Mas de fato Cristo ressuscitou
O versículo 20 é a virada: “Mas de fato Cristo ressuscitou dentre os mortos, sendo ele as primícias dentre aqueles que dormiram”. Primícias é o começo, a primeira parte — o que abre o processo.
Aí está o motivo de a Escritura falar em “dormir” e não em desaparecer: quem morre na fé é como quem deita e adormece, não percebe o tempo passar e vai acordar quando Jesus voltar.
A pregação também lembra que Jesus não morreu forçado. Foram seres humanos que o mataram porque a pregação dele incomodava a liderança religiosa e política da época, mas ele se dispôs: o inocente se tornou culpado para que os culpados fossem tornados justos.
O que isso muda hoje — quatro coisas
Primeiro, ele está conosco todos os dias. É a última promessa de Mateus: “eis que estarei com vocês todos os dias, até o fim dos tempos”. A pregação lembra o missionário David Livingstone, que sobreviveu a doenças graves, a feras e a ataques na África; perguntado como atravessou tudo aquilo, respondeu que tinha certeza de que Jesus ressuscitou, está em todo lugar e estava sempre com ele.
Segundo, ele intercede por nós. Hebreus 7.25: “é capaz de salvar definitivamente aqueles que por meio dele se aproximam de Deus, pois vive sempre para interceder por eles”. E 1 João 2 o chama de advogado, para quando o acusador tenta nos derrubar.
Terceiro, ele está preparando lugar. João 14.1-3: “não se turbe o coração de vocês… na casa de meu Pai há muitos aposentos. Vou preparar-lhes lugar… voltarei e os levarei para mim”.
Quarto, nós também ressuscitaremos — e por isso é possível enfrentar doença, perigo, problema e a própria morte com esperança.

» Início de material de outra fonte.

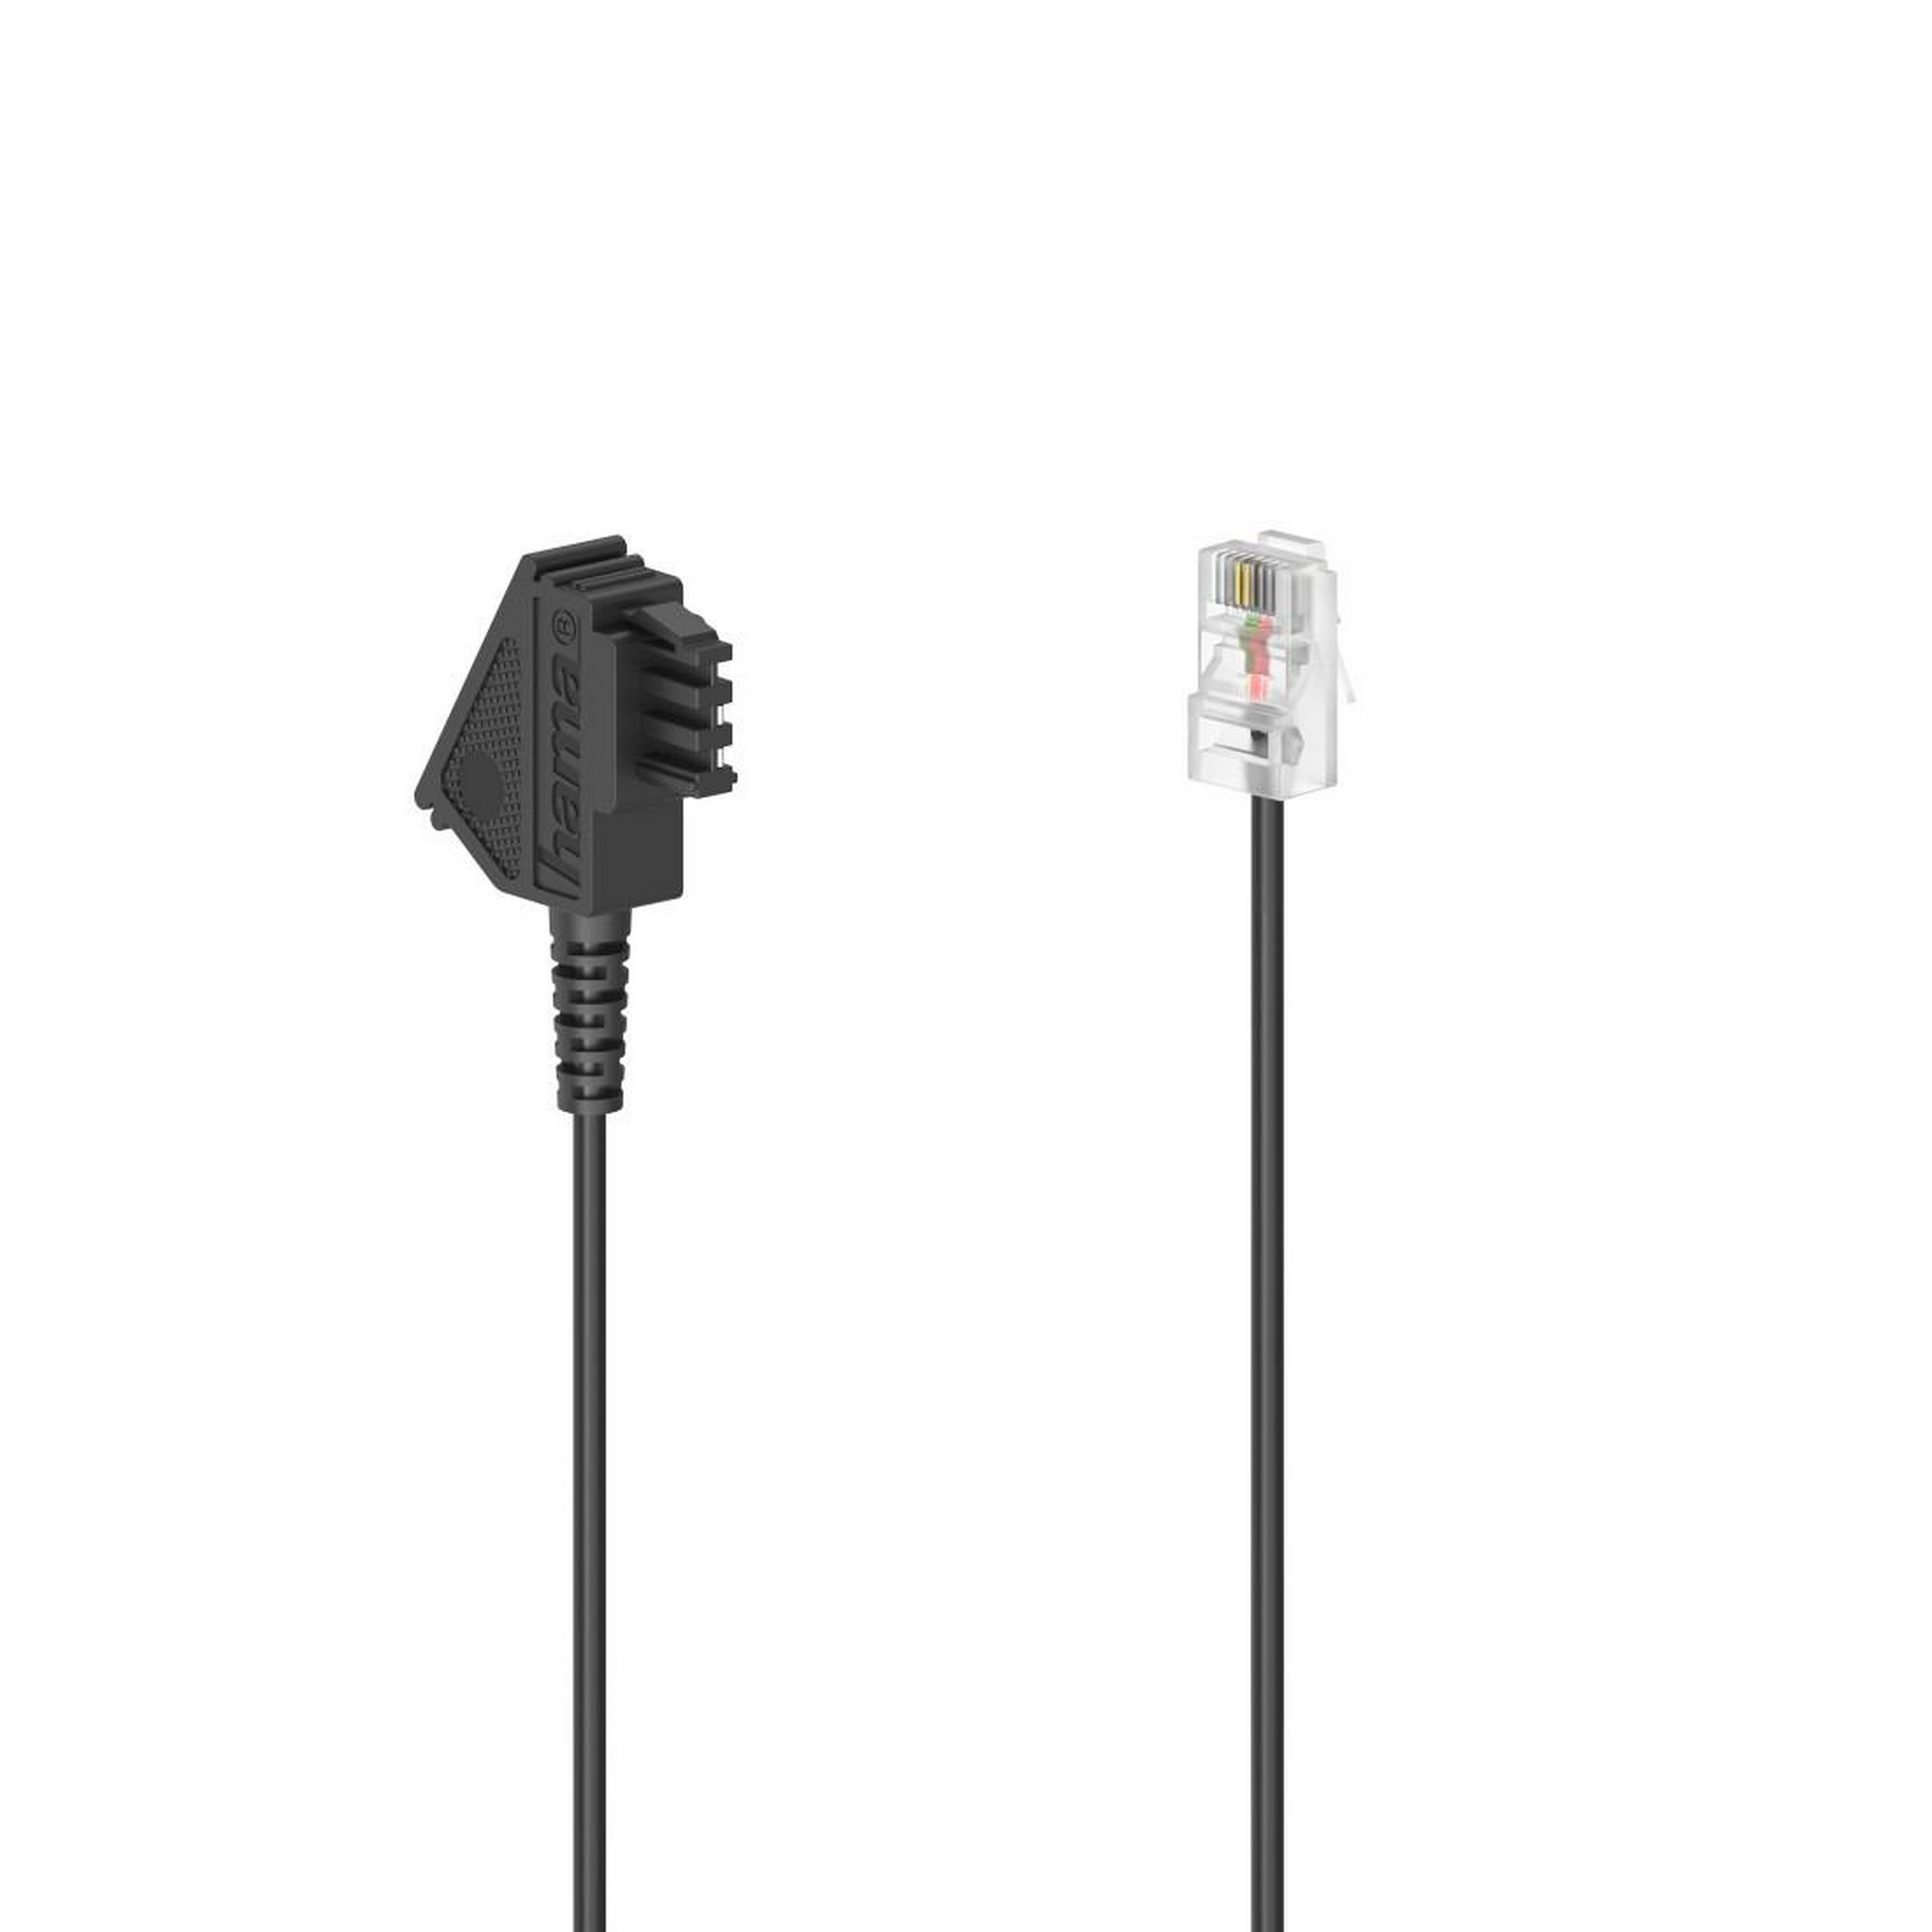 DSL-Box-Kabel schwarz TAE-F-Stecker mit Modular-Stecker 8p2c, 3 m + product picture

A pregação faz aqui uma confissão pessoal: já com 75 anos, quem prega diz que sua perspectiva é fechar os olhos sem perceber o tempo passar, ainda que passem cem milhões de anos, e acordar na ressurreição.
Como será o corpo
Paulo fala mais adiante de um “corpo espiritual”, e a pregação reconhece a curiosidade sobre isso. Os evangelhos deixam pistas: Jesus entrou na sala de portas trancadas, aparecia e desaparecia. Mas não era fantasma — Tomé foi convidado a tocar as feridas, e em João 21 ele preparou o café da manhã e comeu com os discípulos.
Ou seja: há dimensões que não conhecemos nesta existência, e o que temos são amostras do que será o corpo transformado.
O apelo final é simples: agarrar-se a esse Senhor, servi-lo de coração e não abandonar a fé — porque não há esperança maior.